Jean-Jacques Angoundou : Je ne me sens plus ainsi parce qu’il m’a formé ! Il m’a formé pendant trois ans et demi. Grâce à ma petite expérience d’universitaire, j’ai vite appris et je me suis vite intégré dans le système. Vous comprendrez jusqu’à quel point notre chagrin est très immense. Tout le monde en est affecté, car on a tous bénéficié des enseignements, de la compagnie et des encouragements de Jean-Marie Adoua.
Jean-Marie Adoua et Irina Bokova à L’Unesco au siège de l’Unesco à Paris@ Unesco
AAFC : Il avait une relation particulière avec Irina Bokova, l’ancienne directrice générale de l’Unesco, comment cela s’est-il fait ?
Jean-Jacques Angoundou : Effectivement, c’était l’un des meilleurs amis d’Irina Bokova. C’est d’ailleurs grâce à lui que j’ai pu faire la connaissance d’Irina Bokova. C’était vraiment son ami personnel. Cela s’est fait parce que comme je l’ai dit, c’était un fin diplomate. C’était une personne qui approchait facilement les autres et qui était reconnu par son travail car ici on se rend visible par son travail, et non par sa forme ou ses atouts physiques. Quand on évoque une personne à l’Unesco, cela veut dire qu’elle travaille bien. Tout le monde connaissait Adoua par le travail bien fait et par ses talents de fin diplomate.

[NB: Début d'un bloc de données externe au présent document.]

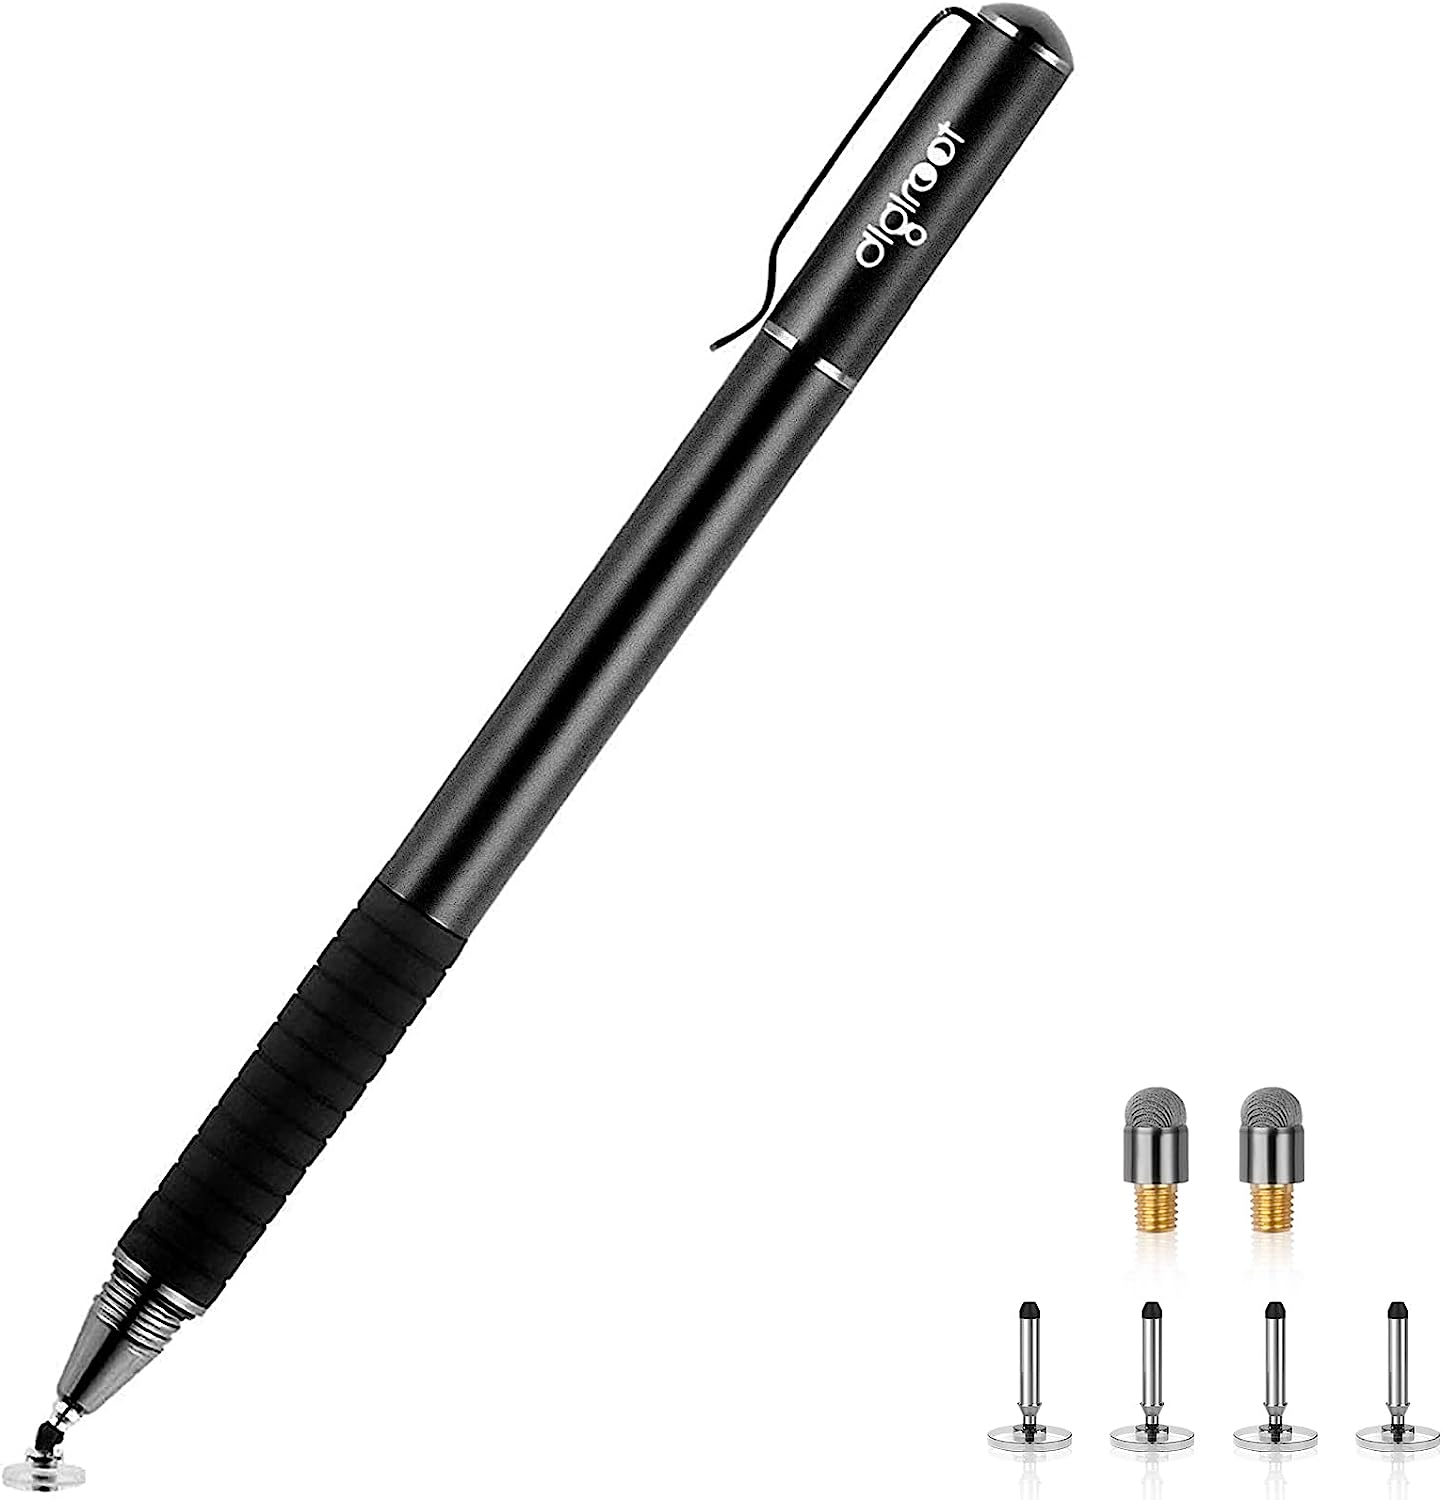 stylus pen for touch screen laptop comparison table

AAFC : Pensez-vous que le Congo a été visible grâce à son travail ?
Jean-Jacques Angoundou : Ah oui ! Oui ! Il a apporté une touche particulière à la visibilité du Congo au sein de l’Unesco. Le Congo a eu cette chance d’être représenté à l’Uneso par de brillants cadres. Avant lui, nous avons eu le défunt ambassadeur Antoine Ndinga Oba qui était ministre des affaires Etrangères, ministre de l’Education nationale avant de devenir Ambassadeur du Congo auprès de l’Unesco. C’est également une personne qui était pétrie d’expérience, qui connaissait l’Unesco et qui a aussi laissé son empreinte.

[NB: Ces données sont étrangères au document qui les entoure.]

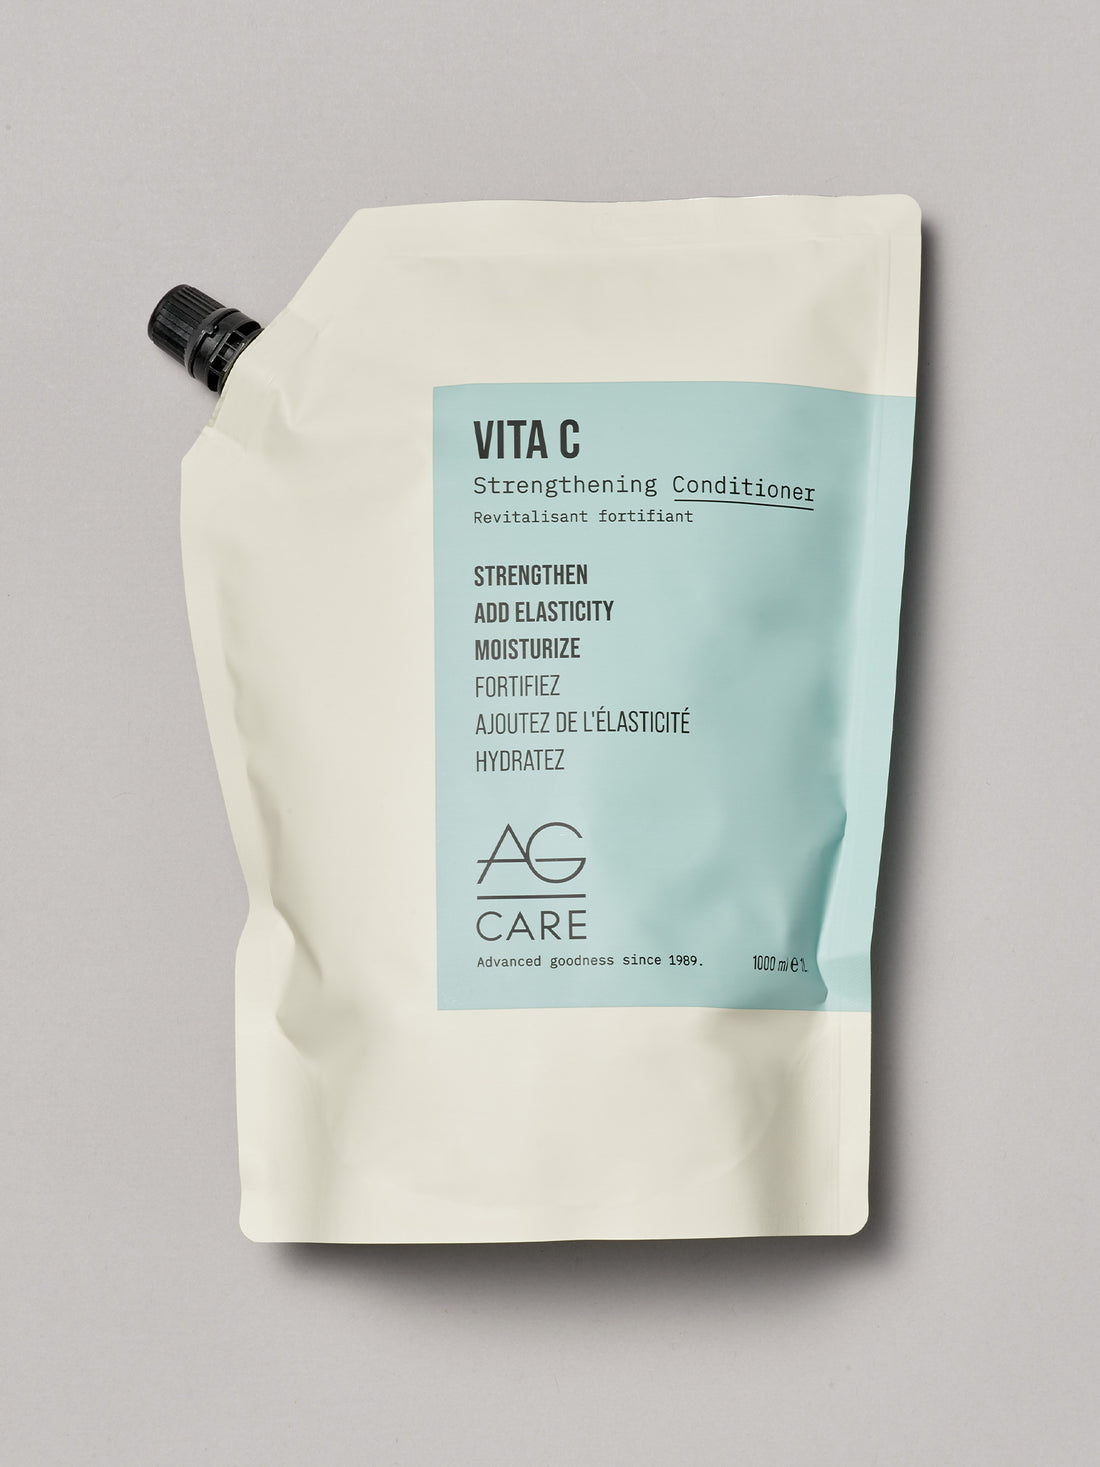 VITA C Strengthening Conditioner

Jean-Marie Adoua a aussi laissé une très bonne impression du Congo. L’actuel ambassadeur, Henri Ossébi, est en train de perpétuer cette tradition de visibilisation du Congo auprès de l’Unesco. Il est très apprécié au sein du Groupe Afrique. Ses interventions sont toujours pertinentes et profondes. Le Congo choisit la bonne crème pour l’Unesco. Pour moi, c’est vraiment une bénédiction de travailler avec ces gens-là. Je n’ai pas travaillé avec le défunt Ndinga Oba, mais j’ai travaillé avec Jean-Marie Adoua et je travaille avec Henri Ossébi et c’est des gens formidables ! C’est vraiment une chance pour le Congo.

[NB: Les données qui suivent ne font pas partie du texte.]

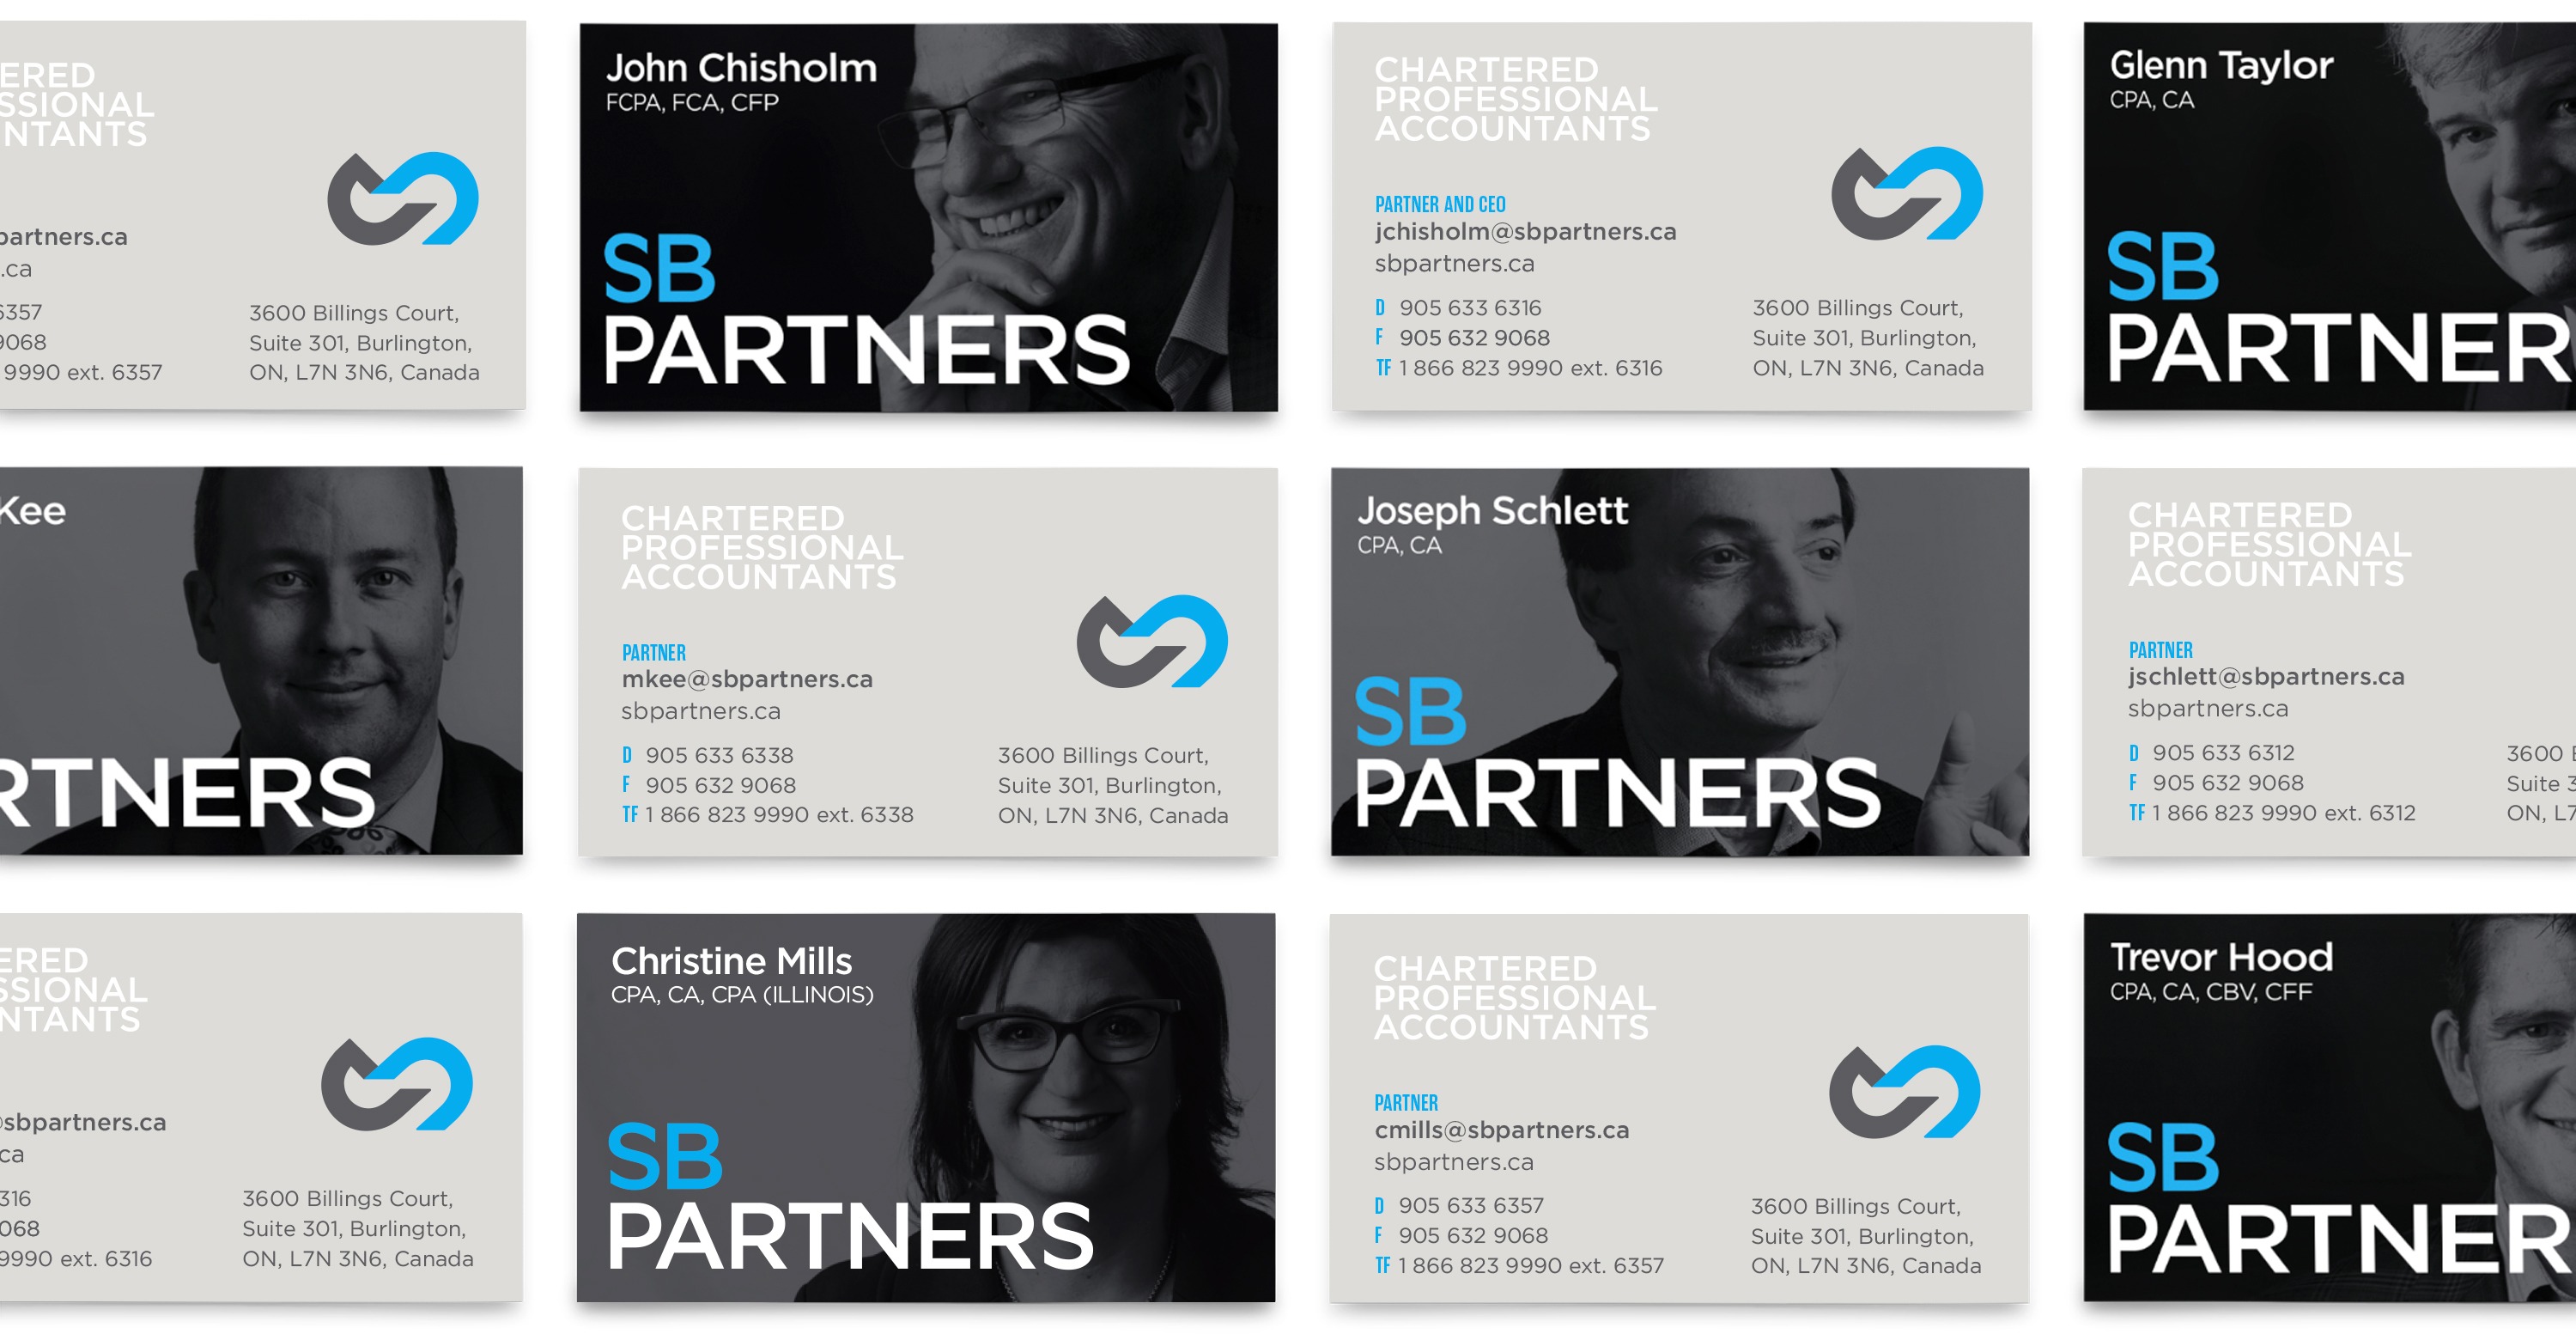 SB Partners Business Card Design | Dossier Creative | Collaborative Rebrand

Il a apporté une touche particulière à la visibilité du Congo au sein de l’Unesco.
L'ambassadeur Jean-Marie Adoua après la célébration d'un mariage le 24 août 2019à Pretoria@AAFC
AAFC : Nous avons appris que la dépouille de Jean-Marie Adoua serait inhumée à Pretoria. Confirmez-vous cela ?
Jean-Jacques Angoundou : Il se pose un problème actuellement, pas seulement pour son cas particulier, mais de tous les corps des fonctionnaires Congolais qui sont morts pendant cette période où les frontières sont fermées. Je crois que l’enterrement aura lieu peut-être en Afrique du sud en attendant que les frontières s’ouvrent et que la dépouille soit rapatriée au Congo. Nous avons un ancien chef d’Etat qui est décédé en France mais dont le corps, je crois, n’est pas encore rapatrié parce qu’il n’y a pour le moment pas de vol officiel. C’est quand même des gens qui ont rendu d’énormes services au pays et on ne conçoit pas de les faire repartir en catimini. Cela demande un certain cérémonial. On attend que les frontières s’ouvrent, que les vols deviennent normaux et qu’on puisse procéder à tout cela.
AAFC : Et vous êtes actuellement le gardien de la maison…
Jean-Jacques Angoundou : Pour le moment, je suis le gardien de la maison. En l’absence de l’ambassadeur Henri Ossébi, je suis le chargé d’Affaires.